I have had only one occasion when the investment “exploded,” so to speak, and spread investment all over the inside of the burnout kiln. On that occasion a student had mixed his investment with improper proportions and the flask was filled with blobs of investment instead of a smooth pour with cream-like consistency. I speculate that, but cannot prove, that the lumpy investment left large cavities in the flask that trapped steam during the burnout. The steam probably blew out the investment when sufficient pressure built up. With a normal pour there are no cavities to trap steam so fast burnout usually works fine.
Are there any other experiences out there to add to this scenerio?
A few years ago I was talking on the telephone with the retired Director of Research at Ransom and Randolph. I cannot recall the exact topic of discussion but it had something to do with burnout time. He suggested that I could burn out a flask much faster if I put it into a hot oven rather than ramping the temperature up slowly over a period of hours. I remember remarking that I thought that the sudden thermal shock might cause the investment to crack but I tried his suggestion.
Ever since then I seldom put flasks in a cold oven for burnout and I generally don’t use a computer controller to ramp up the kiln temperature. Instead I pre-heat the oven to 1350 F (about 732 C). I have marked my manual oven control to hold that temperature and while teaching the oven remains at that temperature throughout the week.
“This is crazy!” you say, but let me explain what is going on an why I use this unusual burnout procedure.
First, I was cautioned to make sure that the flask was not partially dried. That might cause cracking. If the flask had set for several hours or over the weekend it should be immersed in water until the investment is thoroughly moistened. Then if the flask is placed in a hot oven, the moisture in the pores of the investment will turn to steam and escape. As long as water or steam is present, the flask internal temperature cannot rise above 212 F (100 C) the boiling point of water. In the case of small 2 x 2.5 inch flasks the core temperature remains at 212 F (100 C) for about 20 minutes until all of the water is vaporized. At the same time the wax melts and runs out of the sprue and pouring cup. The investment does not crack and I have done this fast burnout many times.
There is another side benefit of having a very hot oven. We don’t get any significant amount of vaporized wax to smell up the shop. Instead the wax turns to carbon and then combines with oxygen in the air to form carbon dioxide (CO2) a colorless, odorless gas. Be sure to leave the oven door cracked to permit air to enter. I still use a vented exhaust hood over the burnout oven, but there is still little odor to the exhausted gasses. I would suggest this completely eliminates the need for a steam dewaxer.
Once all the water leaves the pores in the investment, the flask rapidly rises to the final burnout temperature where I allow it to remain until all the wax is completely eliminated.

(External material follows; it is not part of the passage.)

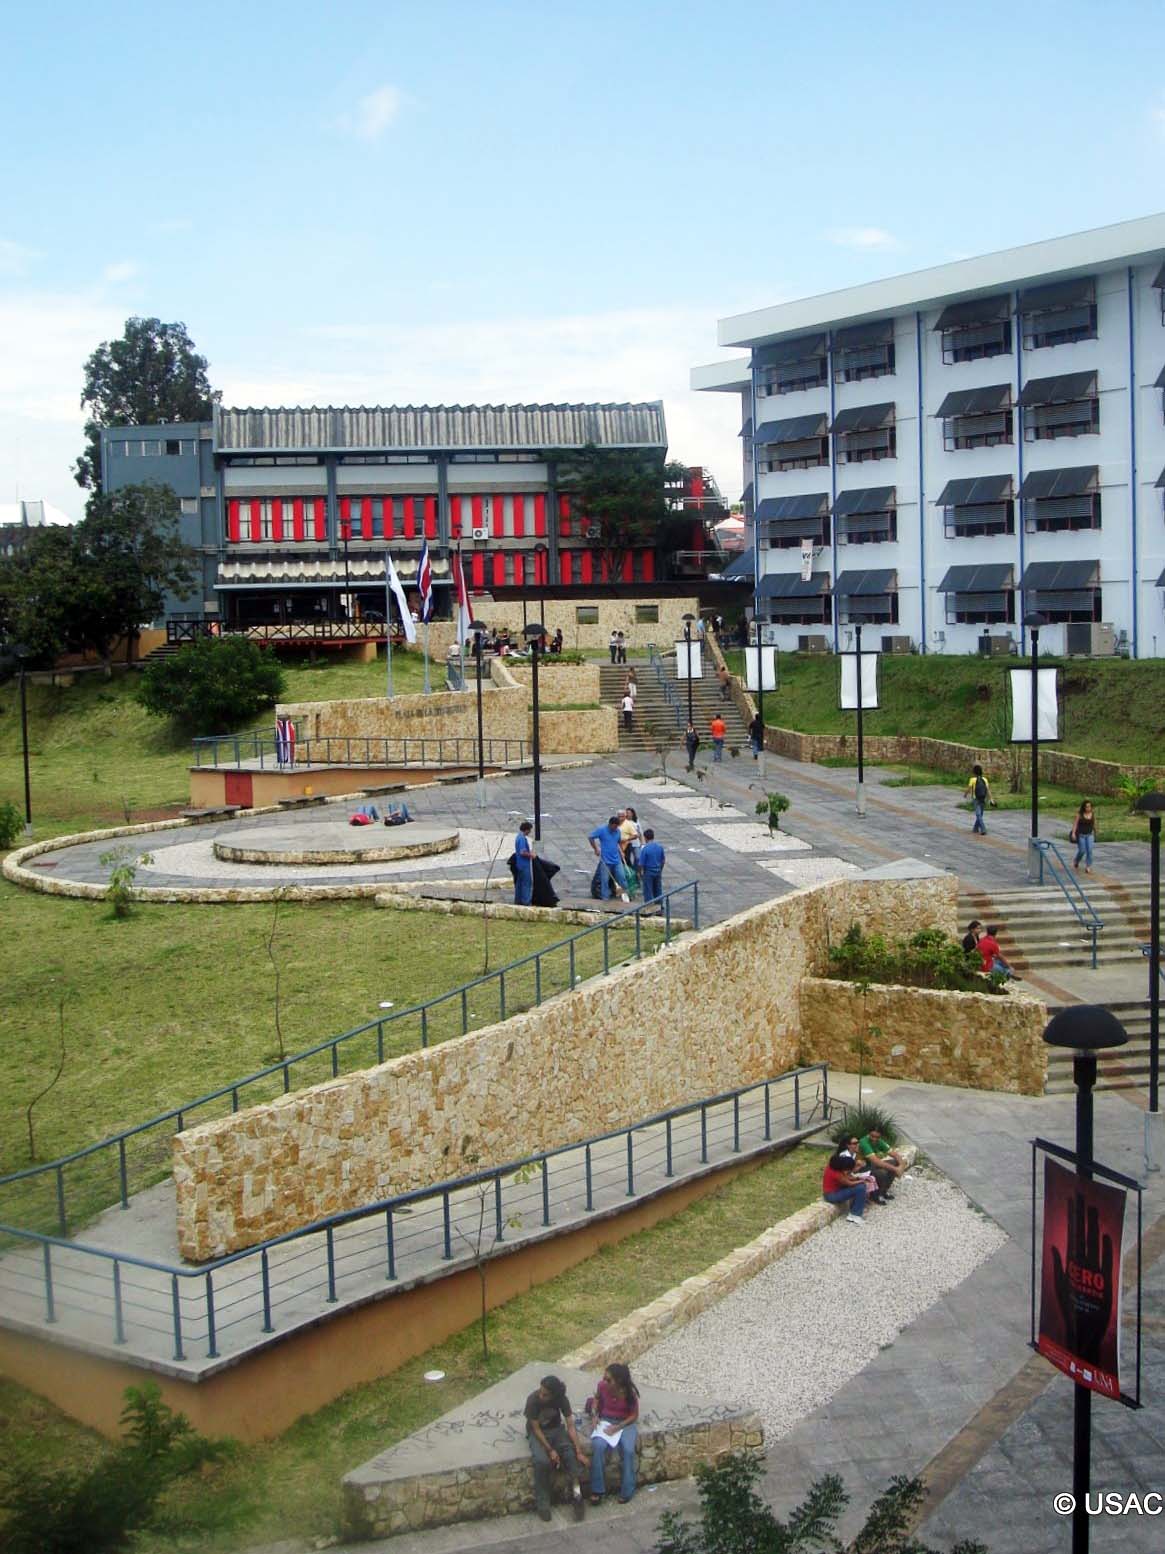 Universidad Nacional de Costa Rica campus in Heredia, Costa Rica.

This is determined by looking at the sprue opening and the pouring cup in the flask. As long as the surface around the opening is gray we know the burnout is incomplete. The gray coating is incompletely vaporized carbon residue. When all wax or carbon residue is gone the burnout is complete. The opening of the flask is chauky white. Total burnout time is as long as it takes to obtain a white flask and is not dependent on any particular time-temperature program. Small flasks will burnout rapidly in an hour or two while large flasks (or an oven full of small flasks) will take longer. The test of how long is the white color of the sprue opening and pouring cup.
Try it. You’ll like it.
Do you believe me? Any discussion out there?